__WORK REQUIRED__. Excluding images, repeat the data exactly as given.

__DATA SHOWN__.
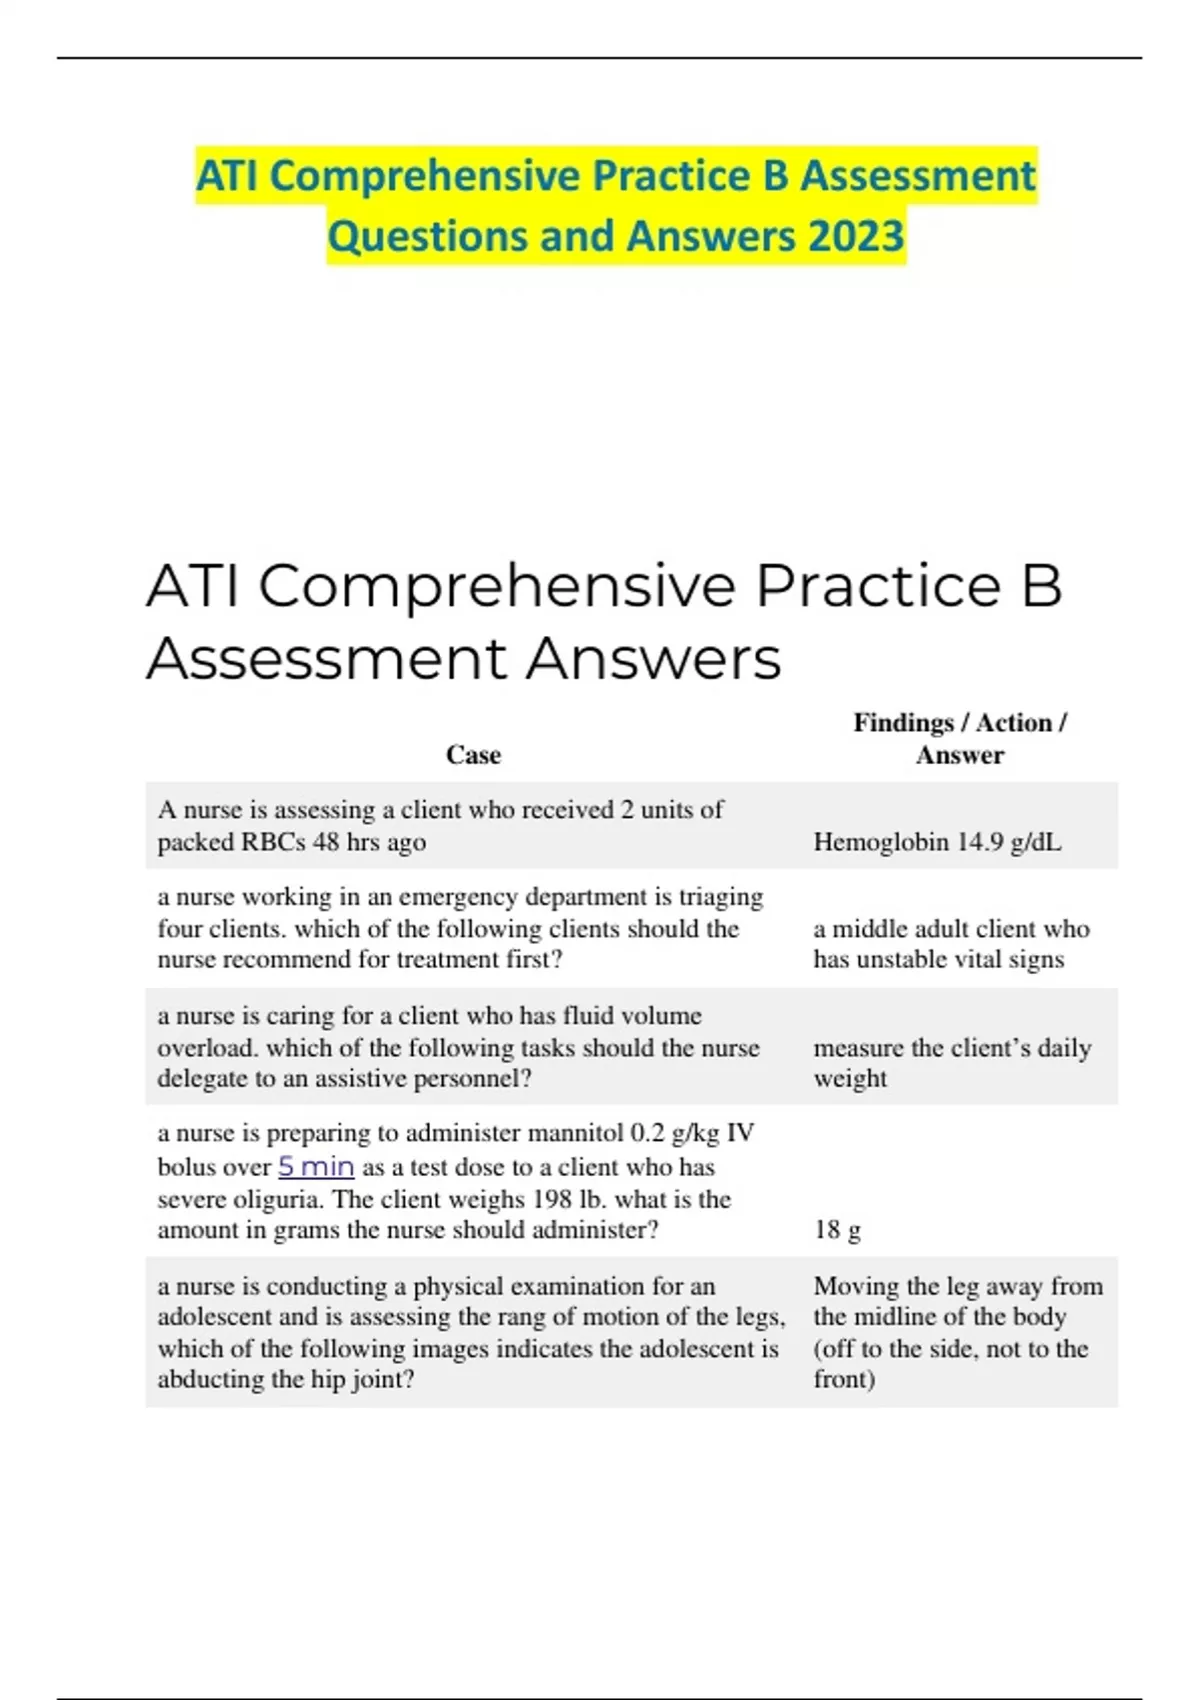 ATI Comprehensive Practice B Assessment Questions and Answers 2023
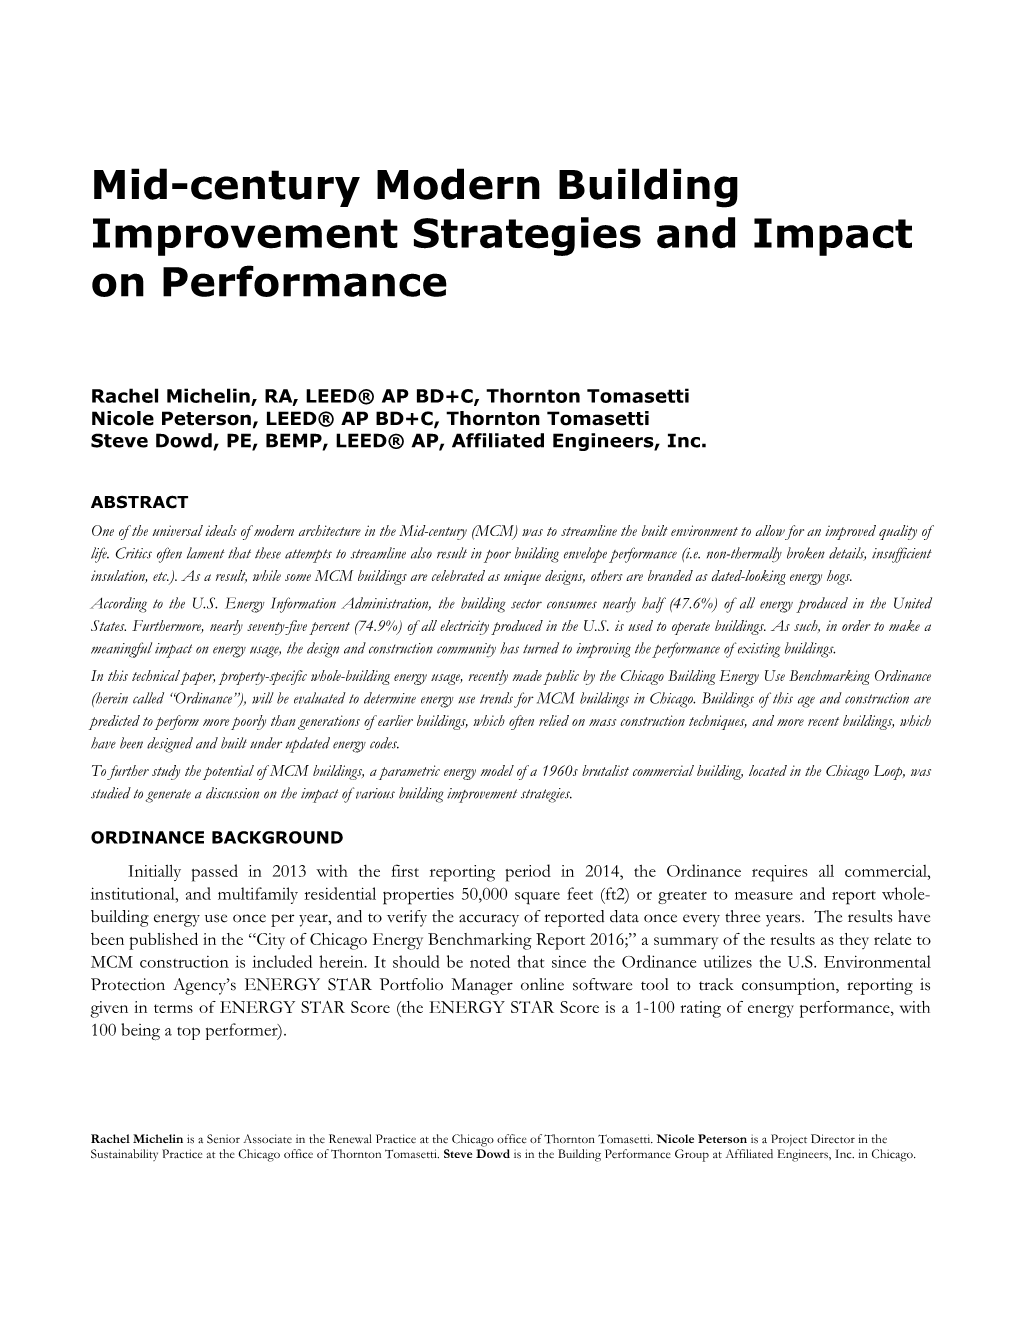 Mid-Century Modern Building Improvement Strategies and Impact on Performance
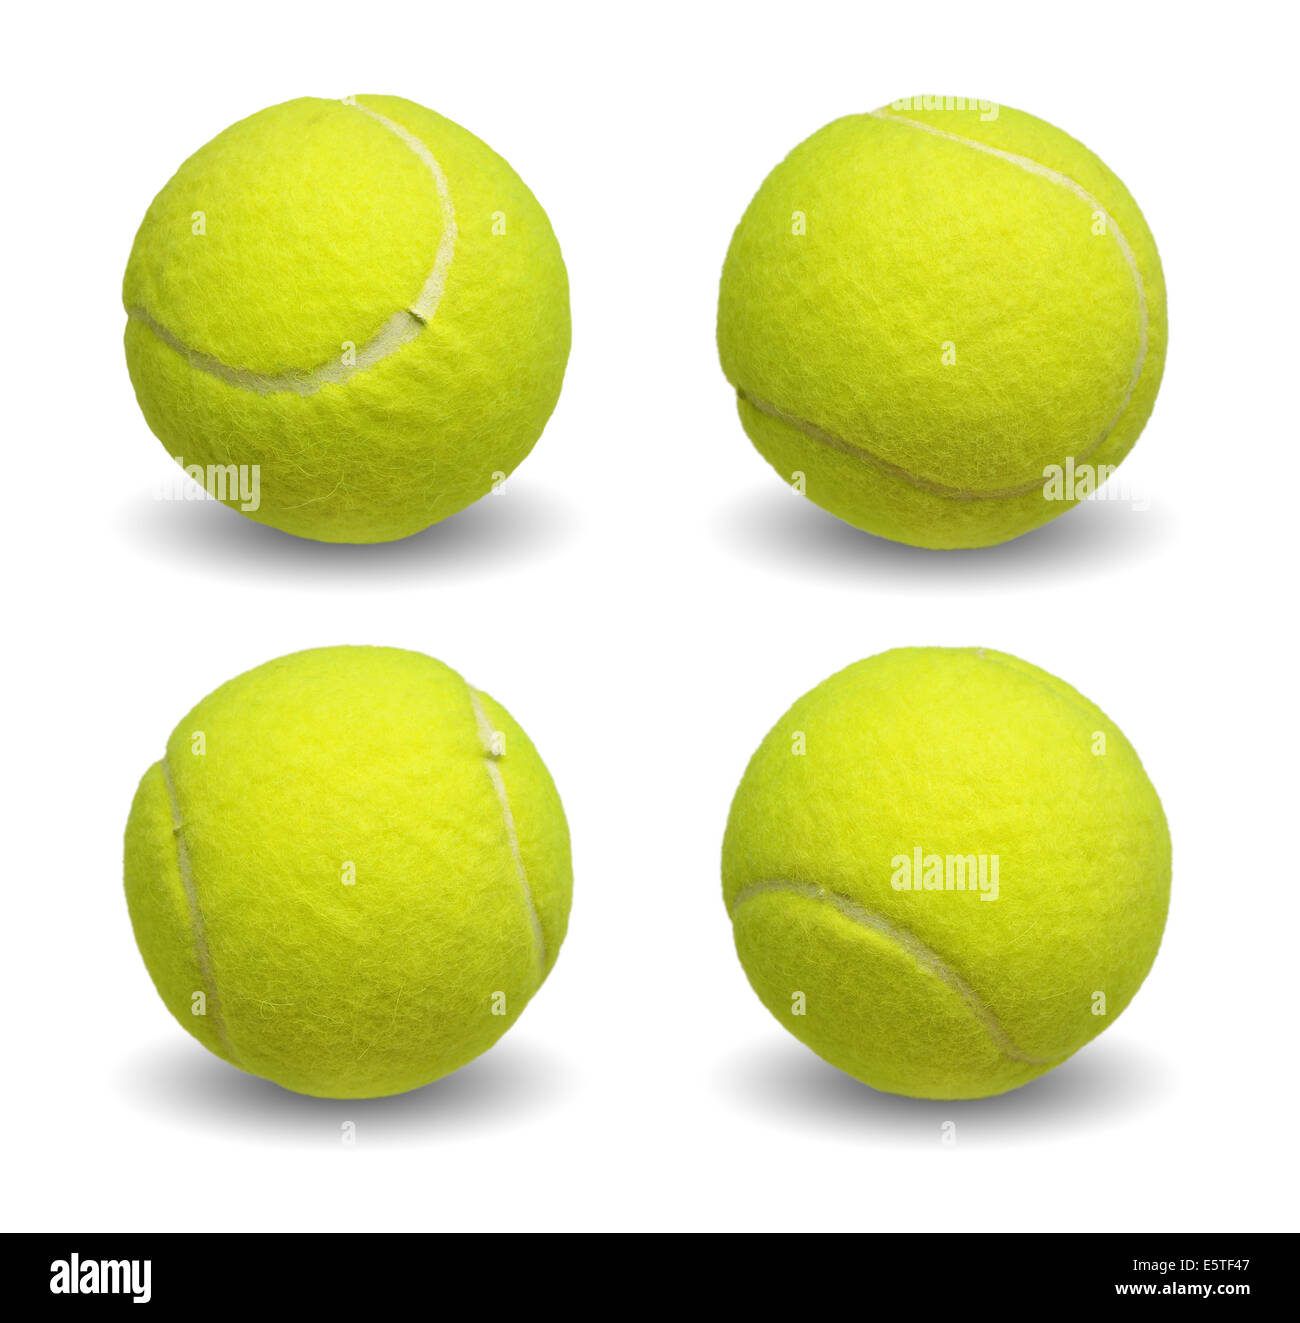 Tennis ball collection isolated on white background Stock Photo

__EXPECTED OUTPUT__.
 ATI Comprehensive Practice B Assessment Questions and Answers 2023
 Mid-Century Modern Building Improvement Strategies and Impact on Performance
 Tennis ball collection isolated on white background Stock Photo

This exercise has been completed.